Cloudflare Workers handles every request. D1 holds the entries; reads run in the nearest region.

4

Consume anywhere

Humans see the widget on your site. Agents poll JSON. Feed readers subscribe to JSON Feed or RSS. Same data, four shapes.

Stack

Boring tech, on purpose.

RuntimeCloudflare Workers
DatabaseCloudflare D1
RouterHono
EmbedWeb Components
CLINode 22 · zero deps
LicenseMIT
FAQ

Frequently asked questions

Everything you need to know about bearlychange.

bearlychange is an embed-first changelog service for sites and AI agents. It ships a one-line Web Component embed, a JSON API at /api/changelog, a JSON Feed 1.1 endpoint, an RSS 2.0 feed, and per-entry HTML and JSON pages. It runs on Cloudflare Workers with D1 for storage and is MIT-licensed.

Add a <script> tag pointing at /widget/widget.js and a <bearly-change> custom element with a src attribute pointing at /api/changelog. The widget is a plain Web Component, so it works in Astro, Next, WordPress, Webflow, or any framework that allows custom elements. No build step required.

bearlychange exposes a stable JSON API at /api/changelog and a JSON Feed 1.1 surface at /feed.json. Both return only published entries with predictable field names (id, slug, title, summary, type, version, modules, machine_summary, published_at). Each entry also includes an optional machine_summary field intended for LLM consumption.

Use the bearlychange CLI with a bearer token. Set BEARLYCHANGE_URL and BEARLYCHANGE_TOKEN as env vars, then run bc create --title "Shipped X" --slug shipped-x --summary "What changed" --version 0.4.0. For agents, pipe a JSON payload into bc create --from-stdin. The CLI is a zero-dependency Node script and works against any bearlychange deployment.

No account is required to read public changelog entries — the JSON API, JSON Feed, RSS, per-entry pages, and embed widget are open. Admin write access (create, update, delete) requires Basic auth credentials or a bearer token configured on the deployed instance. There is no signup, no email collection, and no analytics on the public surface.

bearlychange stores entries in Cloudflare D1, a serverless SQLite database that replicates to the edge. Reads run from the same region as the request; writes go through the primary. Data never leaves Cloudflare's network.

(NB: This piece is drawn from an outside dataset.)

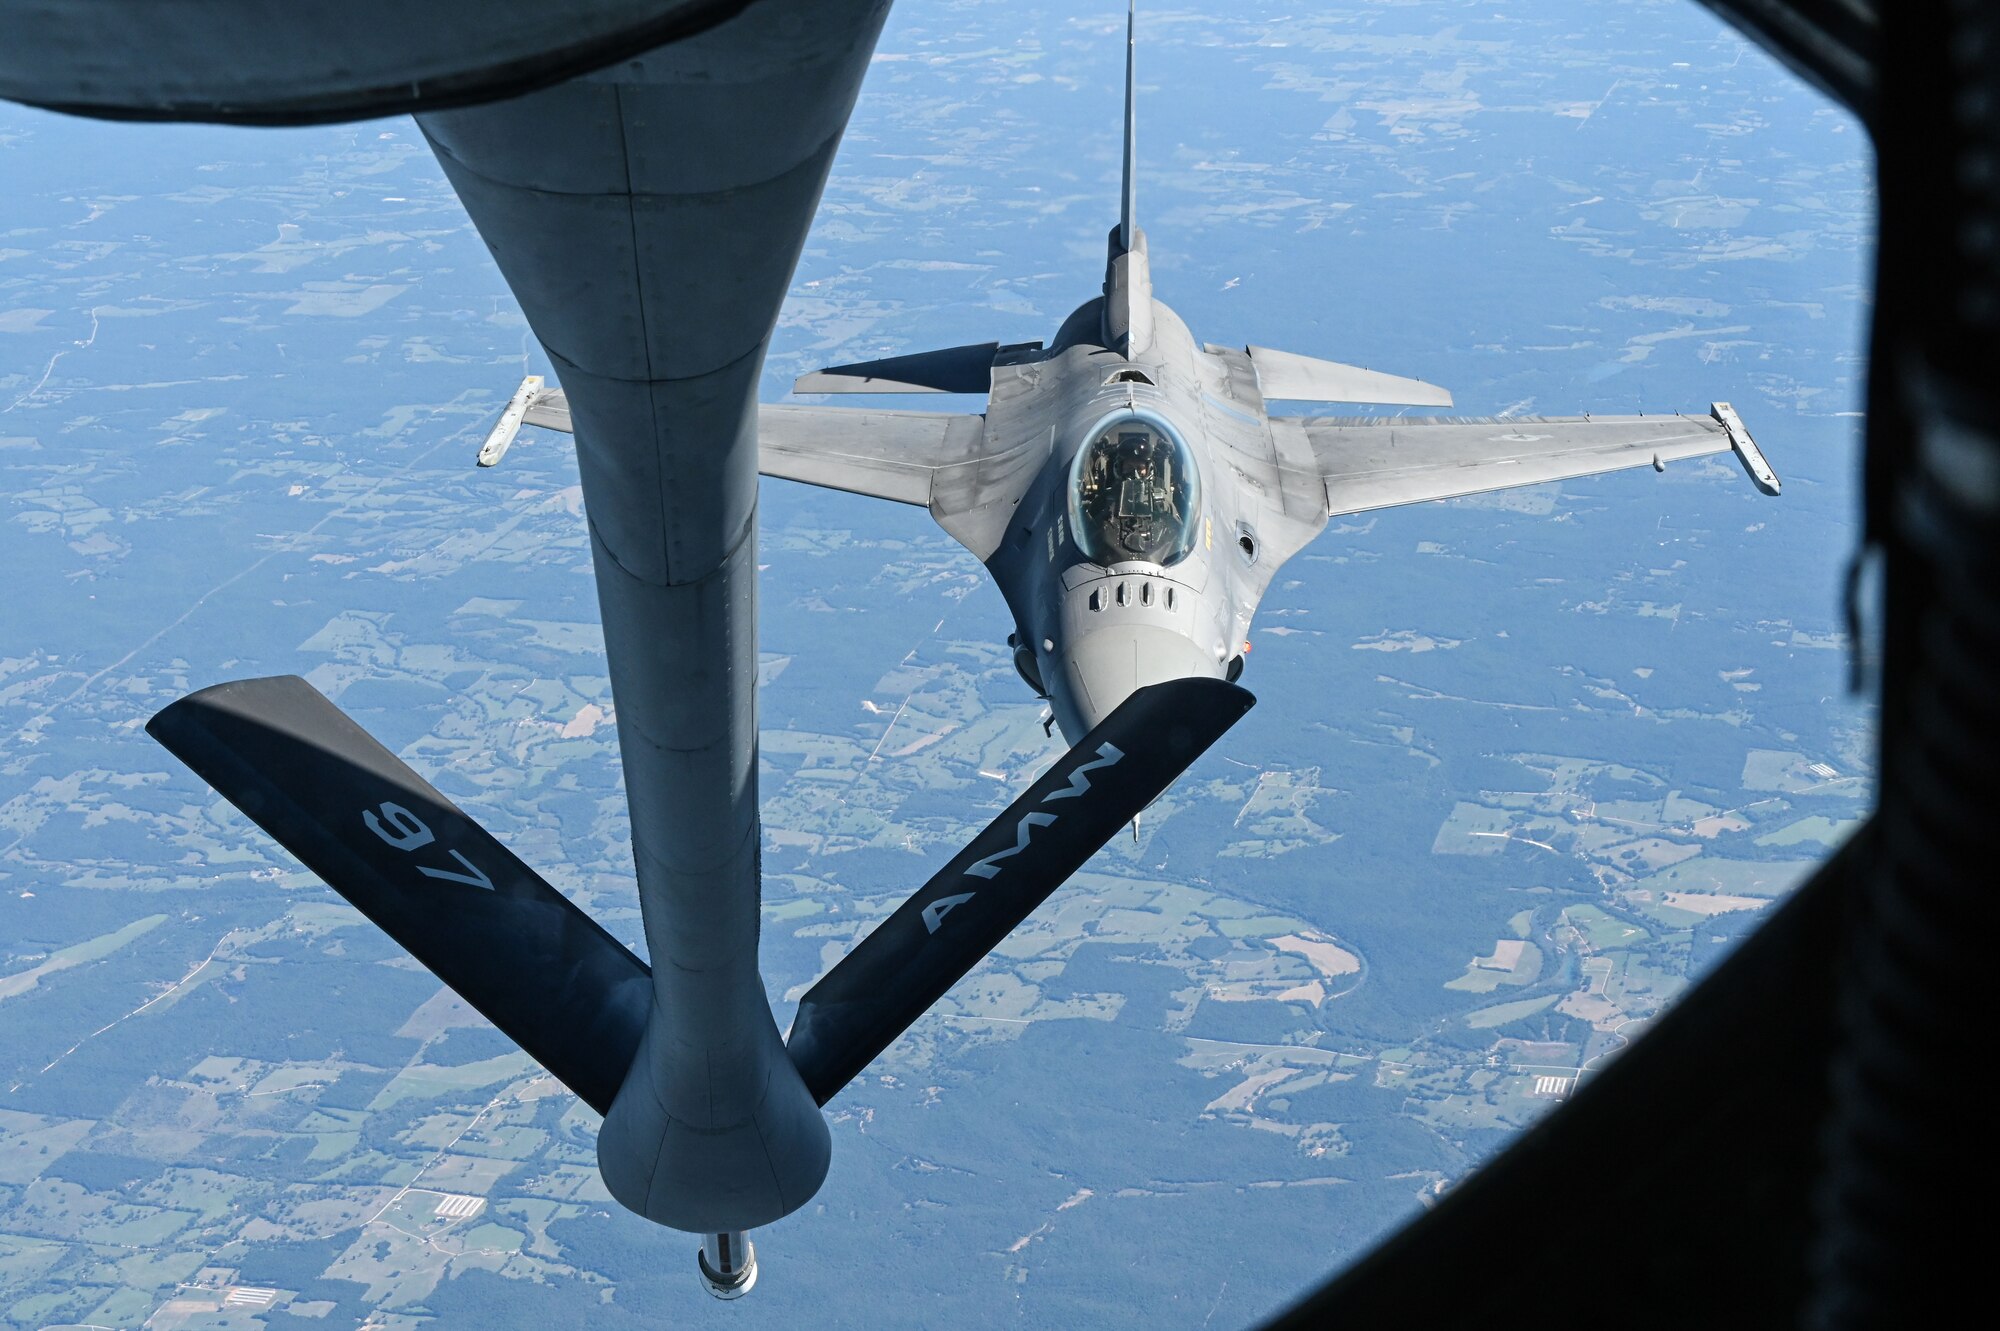 An F-16 Fighting Falcon from Shaw Air Force Base (AFB), South Carolina, receives fuel from a KC-135 Stratotanker from Altus AFB, Oklahoma, Sept. 29, 2022. A second F-16 is flown with the Viper Demonstration Team as a spare if the main F-16 Viper is unable to fly. (U.S. Air Force photo by Senior Airman Kayla Christenson)

Yes. Clone the repo, run wrangler d1 create your-db, update wrangler.toml with the database ID, run the migration in migrations/0001_initial.sql, set ADMIN_PASS and BEARLYCHANGE_TOKEN secrets, and run wrangler deploy. The whole stack is Cloudflare Workers + D1 + Hono.

Five public read surfaces: /api/changelog (JSON, all published entries), /feed.json (JSON Feed 1.1), /rss.xml (RSS 2.0), /entries/:slug (HTML by default, JSON when Accept: application/json), and /widget/widget.js (the Web Component embed).

bearlychange is at version 0.1.0 and in early production use. The HTTP API, CLI, embed widget, validation, CSRF guard, bearer-token auth, and Workers+D1 backend are all implemented and covered by an end-to-end smoke test (24 assertions, ~15s). Multi-project workspaces, webhook integrations, and per-entry discussions are on the roadmap but not yet shipped.

Yes. bearlychange is MIT-licensed and the full source is on GitHub at github.com/blacklogos/bearlychange. The hosted instance is free to read from. Self-hosting on Cloudflare Workers + D1 fits within Cloudflare's free tier for typical changelog volumes.